A very exciting result of the incredible performance that Triton achieves, is the ability to fuse NN operations such as Matrix Multiply + LeakyReLU + Batch Norm. Previously, you needed to rely on cuBLAS for fast hand-written Matrix Multiply kernels, and then your LeakyReLU would need to read that result out of memory, and then your Batch Norm would read the LeakyReLU out of memory again.
The ability to write very fast kernels, and especially being able to fuse them together, to avoid unnecessary memory round-trips is a big deal!
> Previously, you needed to rely on cuBLAS for fast hand-written Matrix Multiply kernels, and then your LeakyReLU would need to read that result out of memory,
> PS: The name Triton was coined in mid-2019 when I released my PhD paper on the subject (http://www.eecs.harvard.edu/~htk/publication/2019-mapl-tille...). I chose not to rename the project when the Triton inference server came out a year later since it's the only thing that ties my helpful PhD advisors to the project.
Are we sure that marketing article was not changed after the fact? The Nvidia Triton Release notes show 'Starting in release 20.03, TensorRT Inference Server is now called Triton Inference Server.' [0]
It kind of looks like the article just changed the heading later since in the article the docker images they refer to etc. are all still called 'tensorrtserver' which was the project's name before they changed naming in Release 20.03.
The OpenAI-Triton Author says on reddit: 'You can also look at the github history and you will see that there is no mention of the "Triton inference server" up until version 2.0, which wasn't out in 2019 (I ran `git reset --hard v1.9.0 ; grep -ir "triton" .`)' [1]
Also clashed with Triton[0], a demoscene group famous for its Crystal Dreams 2 demo, which featured zooming mandlebrot on 386 PC https://youtu.be/BLMUfBikxTY?t=182
My first thought exactly. This will cause nothing but confusion and Triton (the inference server) is well integrated into the space.
So it's especially weird to see it coming from OpenAI, and not a more random startup. It honestly makes no sense they would deliberately do this, unless there is some secret cult of Triton that is going on in the Bay Area world of AI/ML.
> CPUs and AMD GPUs are not supported at the moment, but we welcome community contributions aimed at addressing this limitation.

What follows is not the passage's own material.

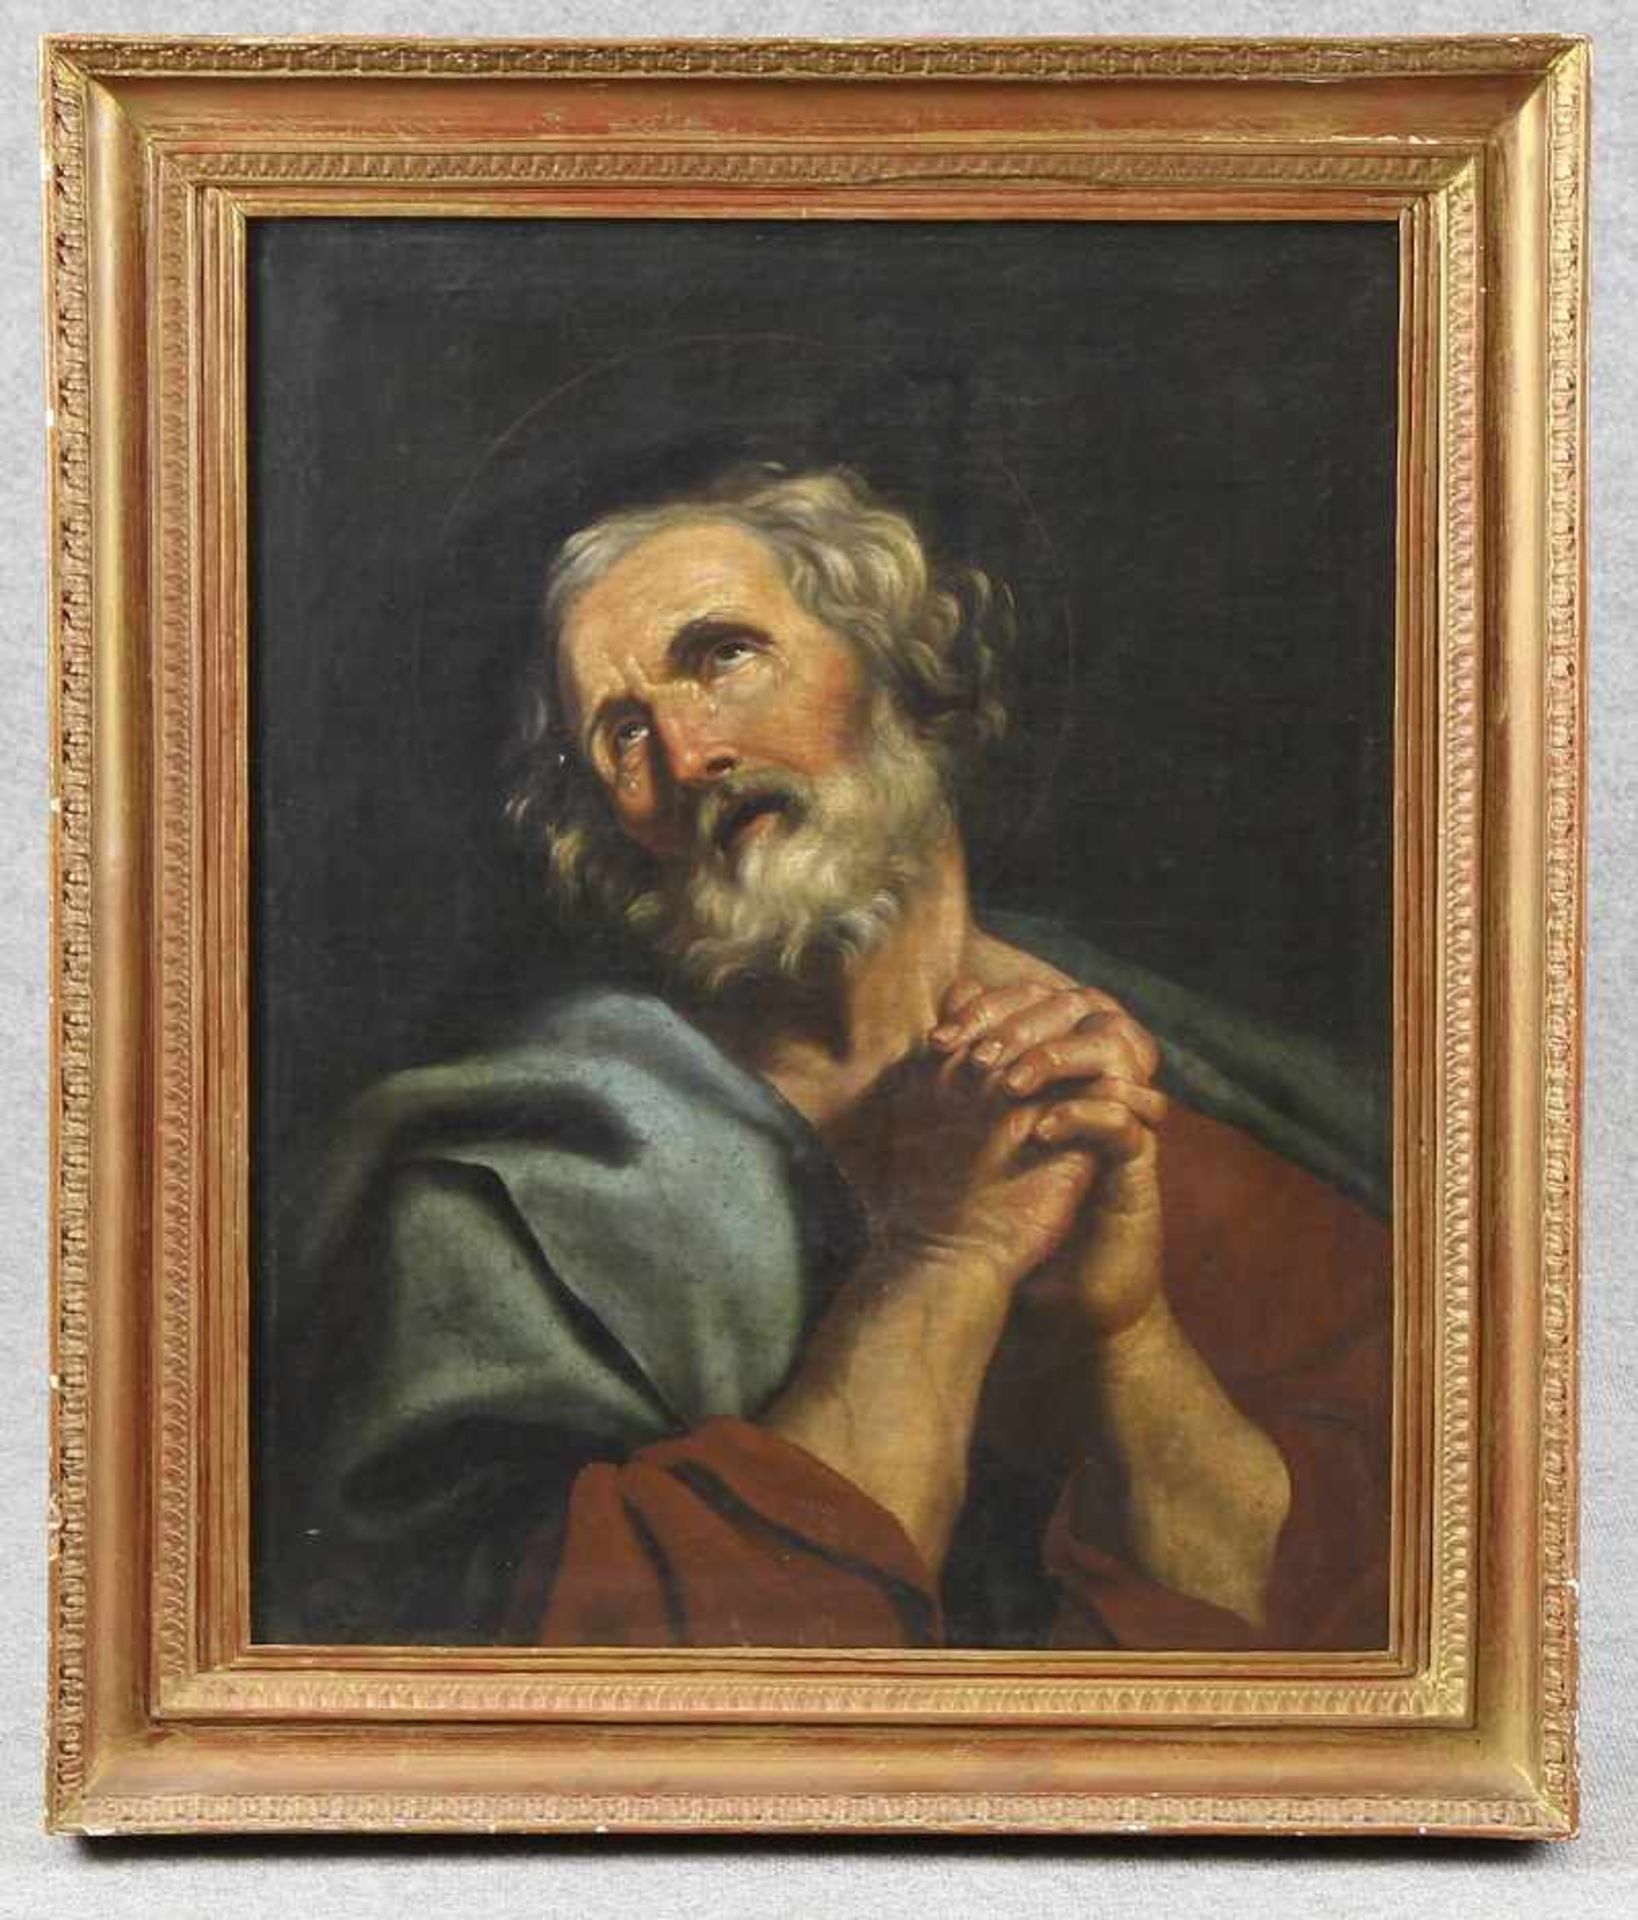 Bonati, Guiseppe (1635 - 1681, italienischer Maler, tätig in Rom und Ferrara) attr. oder Umkreis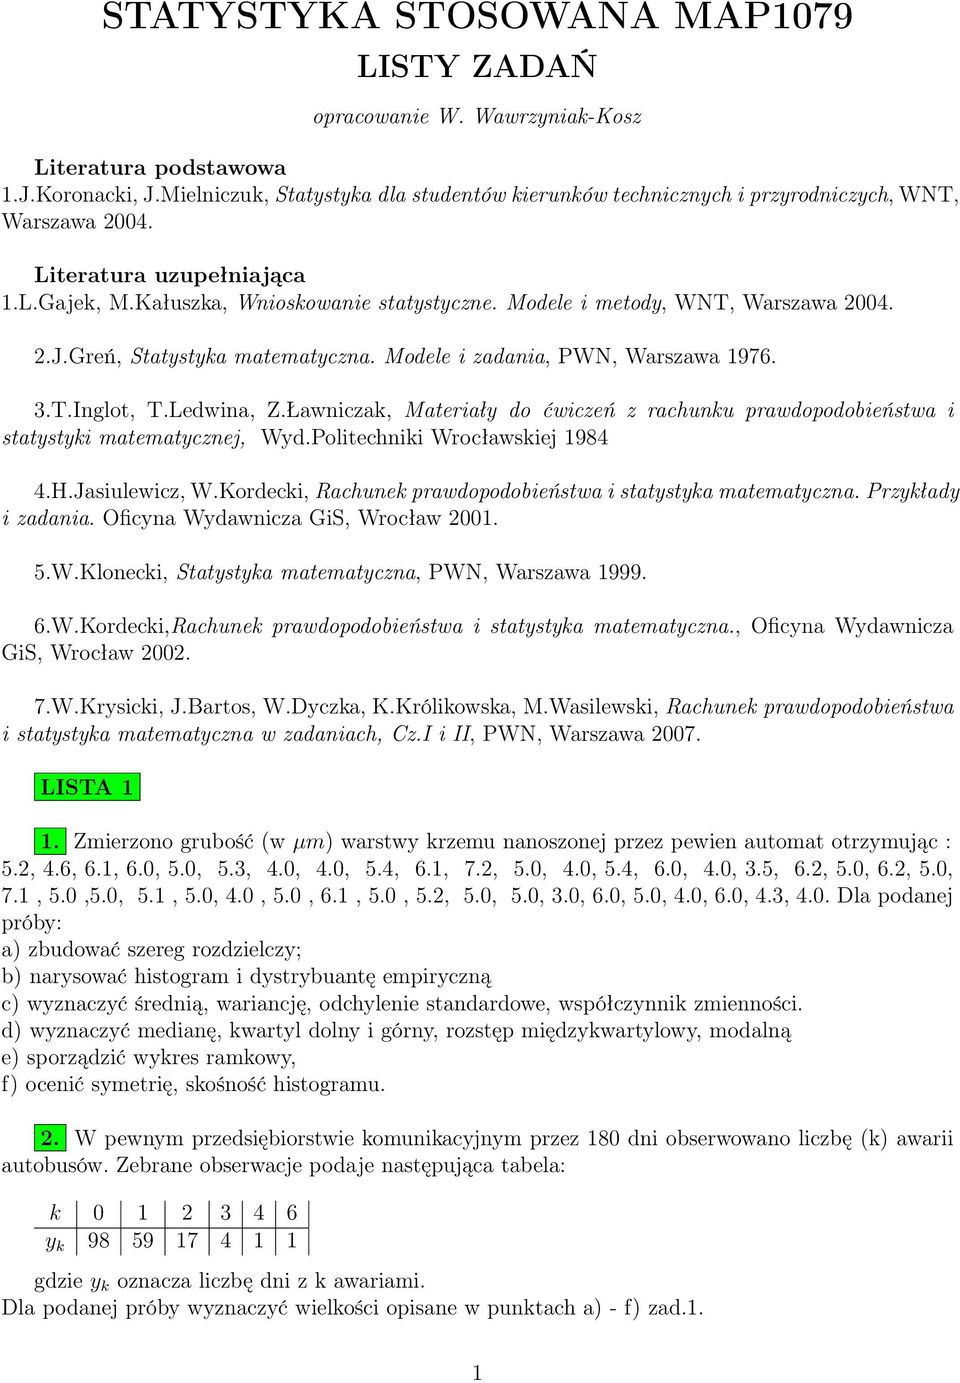 Modele i metody, WNT, Warszawa 2004. 2.J.Greń, Statystyka matematyczna. Modele i zadania, PWN, Warszawa 1976. 3.T.Inglot, T.Ledwina, Z.

That's disappointing. My biggest frustration is that every ML library (Pytorch, Keras, etc) is tied to CUDA/Nvidia, so I take a huge performance hit when running them on my Mac.
I'm really surprised AMD hasn't pushed much harder into the space given their aggressive targeting of the data center with Epyc. I too use mostly Macs during the day and any ML projects are always relegated to Nvidia machines in my rack / amazon.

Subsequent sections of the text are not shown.